Related to what he says about low-cost alternatives (which I've seen plenty of), I can say that nearly 40 years ago, I was super interested in photography. I learned to develop my own film and I had access to a darkroom to print my pictures. At a very low cost, I got a roll of 100 feet of bulk 35mm film which I would load into the cassettes myself, and thought, "I can finally afford to quit being stingy in what pictures I take!." But what happened was that the low cost made me a lot less careful, and the number of good pictures I got actually went down, not up. (I think you can see where I'm going with this.)

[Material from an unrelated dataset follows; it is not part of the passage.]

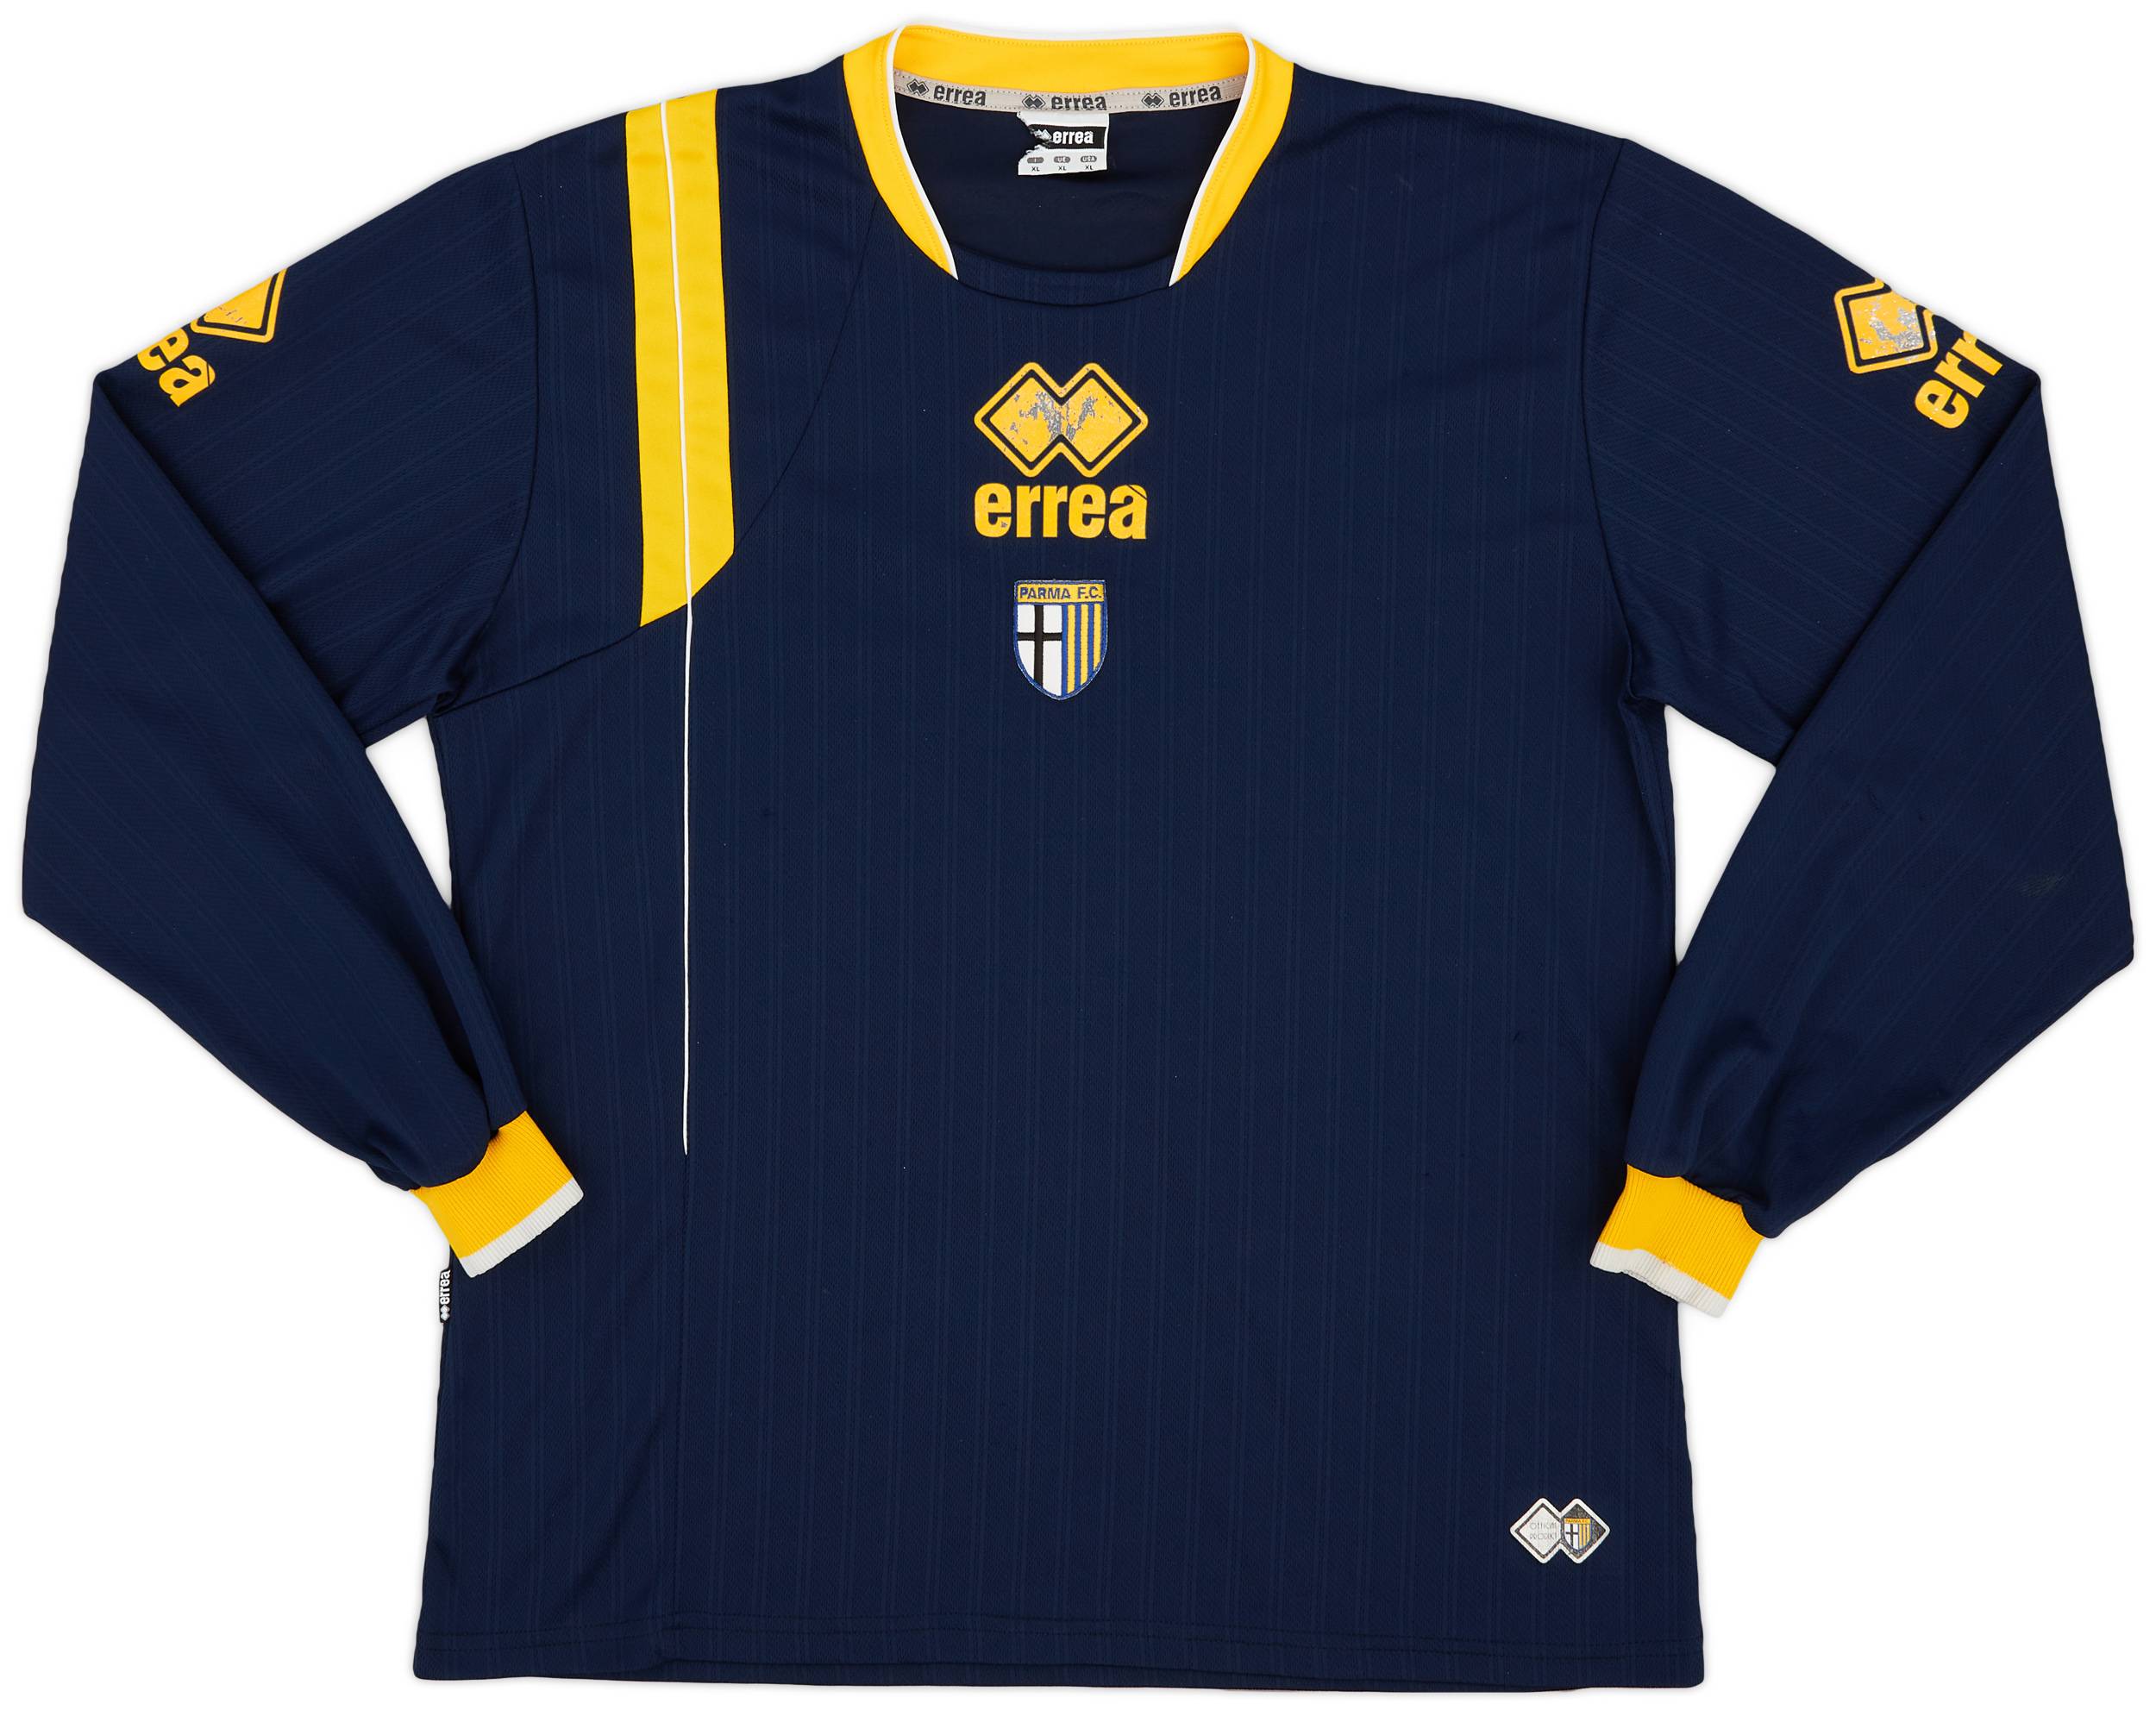 2010-11 Parma Errea Training L/S Shirt - 7/10 - (XL)

Today's young people expect everything to be ultra cheap; and in computers, they want everything done for you. Heaven forbid that you should have to do anything in assembly language, or go without simulators and debuggers, a GUI, and so on. I saw a video recently—and I wish I could find it again—that talked about making computers understandable by using understandable computers, like the Commodore 64. Ones that have lots of layers of software insulating the user from the bare metal don't qualify, nor do ones with layers of cache, memory protection, DMA, etc.. I know something like this basically does need an SD card interface today, but SD is not easy to understand. USB certainly is not the least bit hobbyist-friendly either, and must be treated as a black box by relative beginners. The same goes for WiFi and Bluetooth.

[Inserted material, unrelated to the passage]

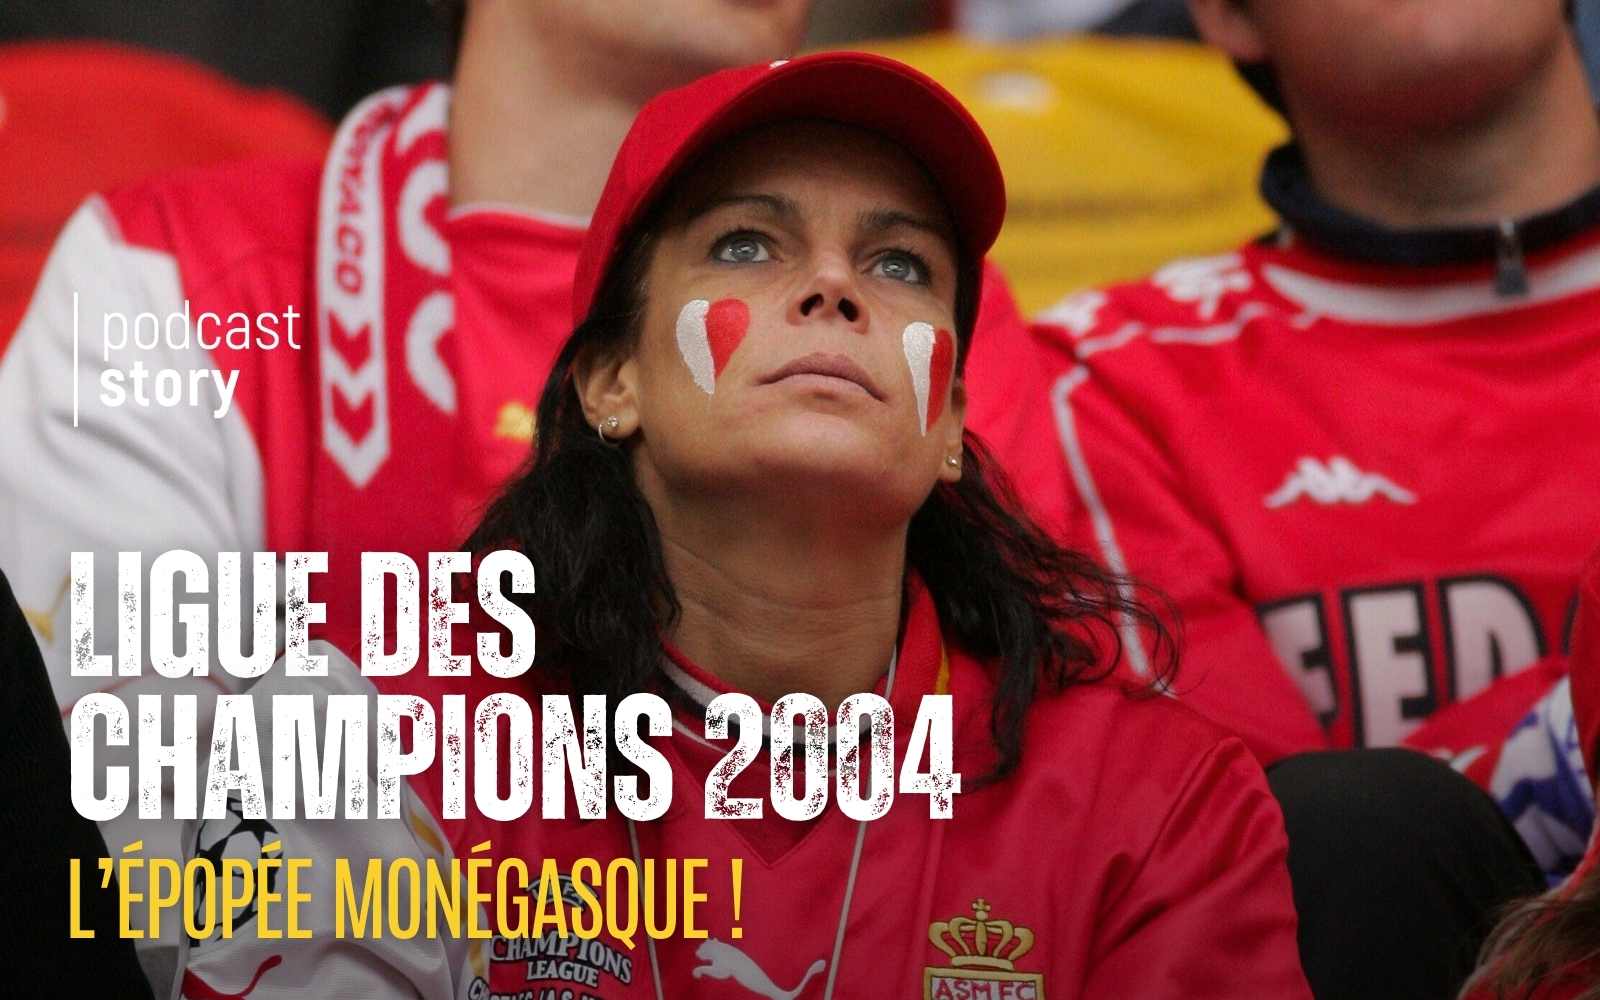 LIGUE DES CHAMPIONS 2004 – L’ÉPOPÉE MONÉGASQUE !

Kudos to him for including a prototyping area.

I can't say I'm familiar with the PIC32, but I don't get the idea that it's suitable for the beginner to program in assembly. Randall Hyde, author of "Write Great Code (No Starch)" has an essay online, "Why Learning Assembly Language Is Still a Good Idea" which has a lot of good comments about how knowledge of assembly helps you write more-efficient high-level-language code. He is an instructor at the University of California who laments the two decades of unwise "assembly-is-dead" teaching that has been in the schools. Part of the reason to learn an assembly language is to learn machine organization, the subject of volume 1 of the book "Write Great Code" by the same writer.

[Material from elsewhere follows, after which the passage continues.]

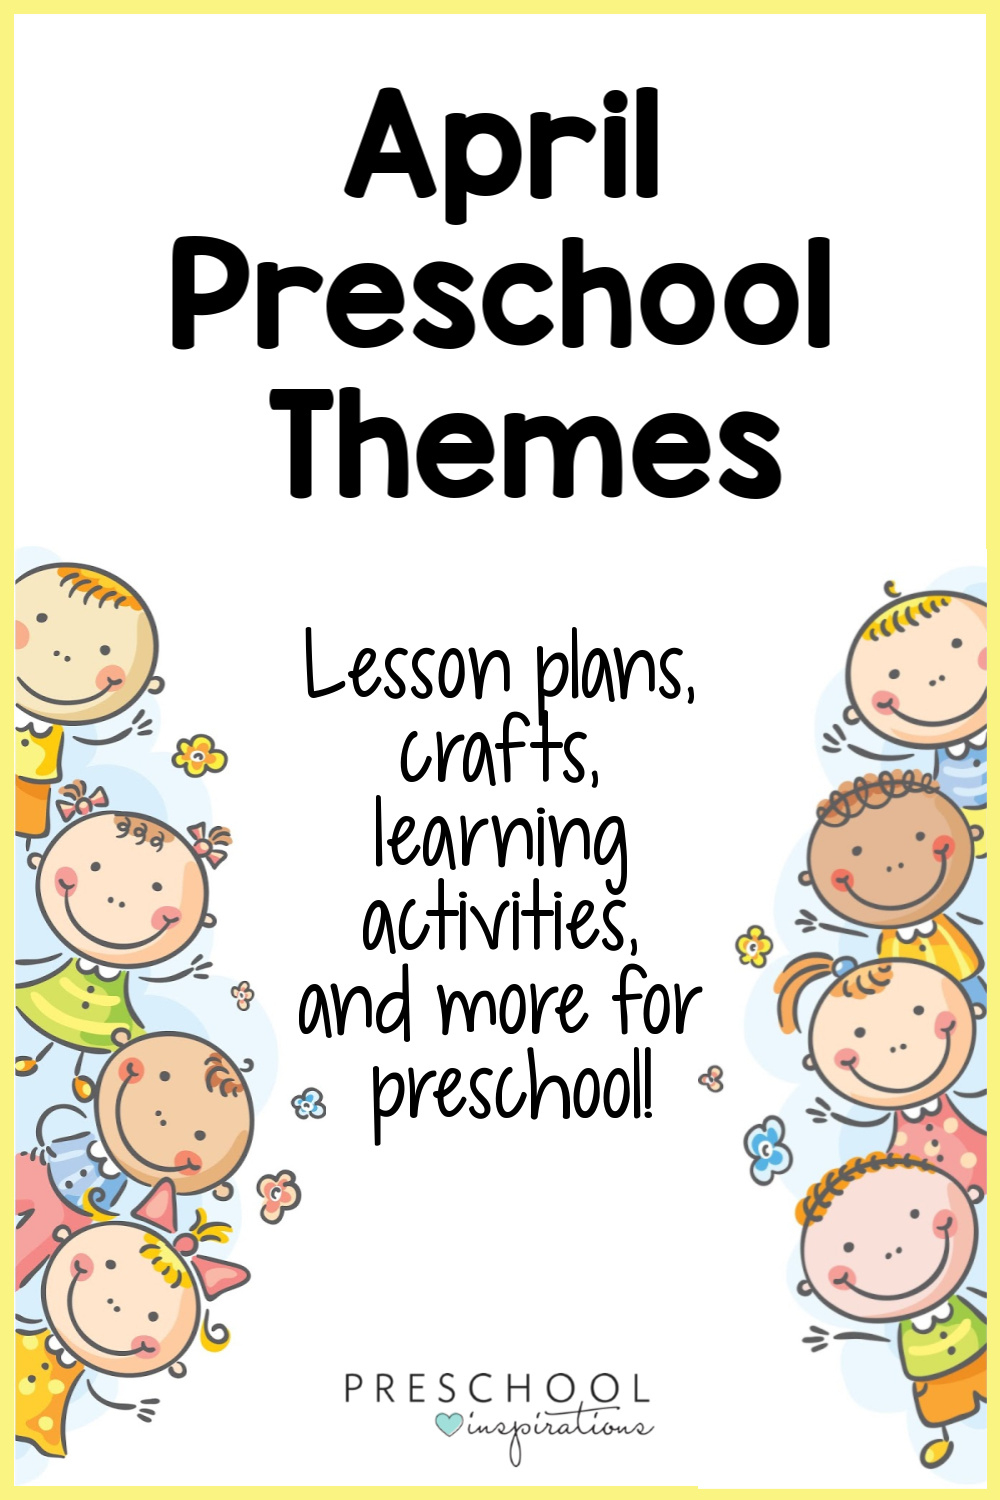 April Preschool Themes - Preschool Inspirations

Forth is a language that has no need of simulators or debuggers. That would be a good one to make available for the Ello.

Working for small, low-budget outfits (which I enjoy), I have found that the lack of expensive debugging tools actually teaches you to write better code. (Many of the development tools are free today, but it wasn't always that way.) You can't have the attitude that "I'll whip out this code in record time and debug it later." Out of necessity, I've become more structured and neat in my programming, documenting everything thoroughly, making the code as readable as I know how, and proofreading. The result has been that no end user has found any bugs in any of the embedded software I've written for our company over the decades.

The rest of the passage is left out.